“I Am Mozilla Web QA” — meet Stephen Donner

Stephen Donner

23893_748513078605_1420274950_n

What do you do at Mozilla?

I’m the resident pointy-hair, aka administrative overhead — and some people even call me “manager.” :-)

Our team’s most up-to-date and complete page is on the Mozilla Wiki, here: https://wiki.mozilla.org/QA/Execution/Web_Testing.  As our team name implies, we’re largely responsible and involved in testing many of Mozilla’s websites, as well as on-device applications, like the Firefox Marketplace.

Any fun side projects you’re working on?

I’m a geek, but not a coder, so in my spare time, I read up as much as I can about the wireless + broadband internet industries — fascinating stuff (to me, at least), and like most tech fields, it changes quite often, so there’s never a dull moment.

How did you get started in testing/QA?

I’ve been doing it since I volunteered to help test some of the first Mozilla “M3” (http://www-archive.mozilla.org/projects/blackwood/webclient/release-notes/m3-detail.html) builds.  I wasn’t accustomed to neither Web nor client testing, but quickly fell in love with reporting bugs — Asa’s testday community (see below) played the instrumental part!  And although I started off in testing as a volunteer testing clients — Mozilla and Netscape’s email and news clients — I moved into more Web testing while at AOL, and have largely been testing from the Web side of things here, since.  As with most things test and Mozilla-related, though, I (and our team) often test and report bugs outside our core expertise – there are a lot of inter-related parts among clients, servers, Web applications, etc.

How did you get involved with Mozilla?

It’s a bit of a long story — the full details of which can be found here: http://mozillamemory.org/detailview.php?id=7294 — but, as a longtime Netscape fan, I started contributing to Mozilla nearly as soon as it went open source, through Asa Dotzler’s testdays, which led, eventually, to a job at Netscape/AOL.

What’s a funny fail or mistake story you can share?

In the early days of working with Jake Maul from WebOps, I made the Firefox Support website’s staging instance “fall over,” due to fuzzing it and hitting it with too many weird requests (kudos to the Netsparker tool I used, at the time: https://www.netsparker.com/) – we’ve implemented and fixed several things since then, so bringing a server — or even a cluster of them — to its/their knees — is unheard of (at least the way we test them!)

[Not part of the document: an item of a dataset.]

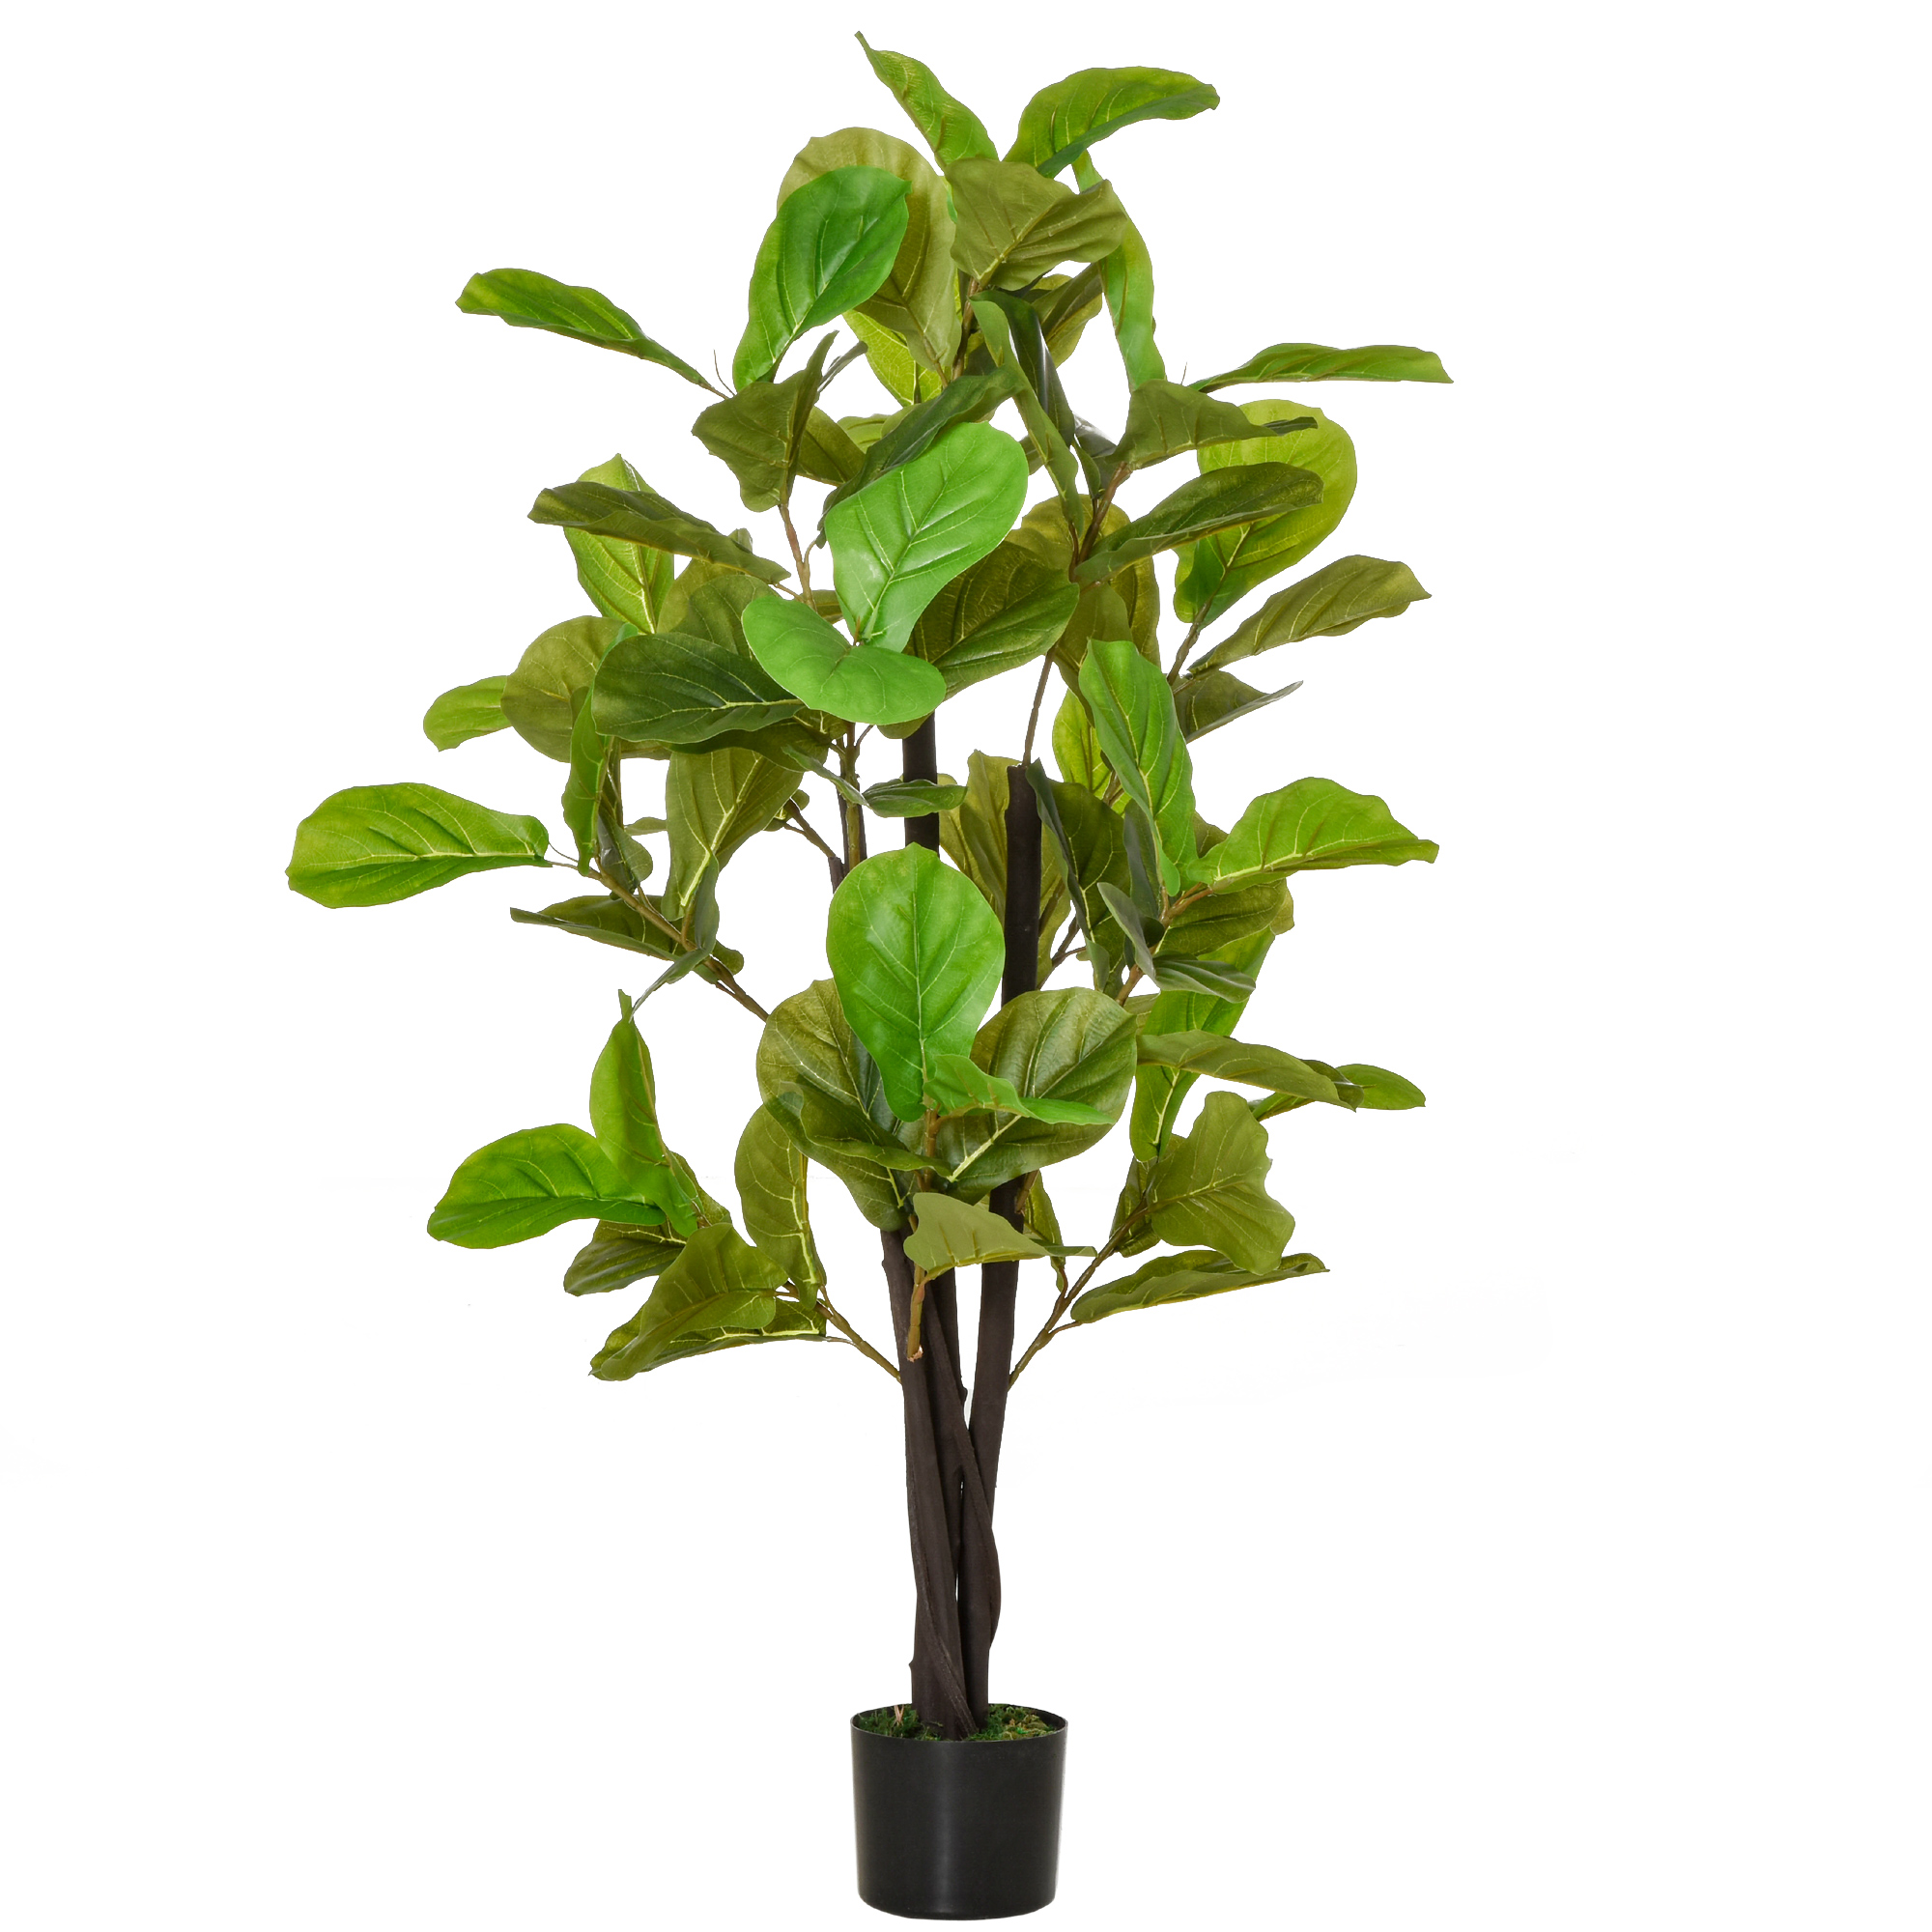 HOMCOM Τεχνητό Ficus 130cm για εσωτερικούς και εξωτερικούς χώρους, ρεαλιστικό τεχνητό φυτό με 78 φύλλα

What’s something you’re particularly proud of?

Our awesome team, and how — while we’ve grown and seen people depart over the years, — we’re constantly reinventing and re-evaluating ways of testing + helping deploy Websites, apps, Firefox OS — and more.  And to be clear, by saying “team,” I’m inherently including “community” — check out just a sampling of our amazing community contributions: https://wiki.mozilla.org/QA/Execution/Web_Testing/Contributor_Corner.

What’s coming up that you’re excited about?

Where do I start? :-)  Container-ized deploys and test/development-environments using things like Docker, for a start.  And, just as important are initiatives where Web development and Web QA can (hopefully) share end-to-end testing stacks like http://theintern.io/, which is a Q4 goal in-progress (https://wiki.mozilla.org/QA/Goals/2014q4#Web_QA).  Also, coming up early next year we’re expecting to automate testing with a Marionette-backed WebDriver, built in to Firefox

What question do you wish you’d been asked?

This one!  Just kidding :-)

Favorite city that’s not Portland?

Durban, South Africa or London — I grew up in the outskirts of the former, and came to really love — within a couple visits from work — the latter (though I had also been there, a few days, as a youth).  Also, I love small, Western towns — hills, lakes, mountains, and the open roads that lead to them are my friend.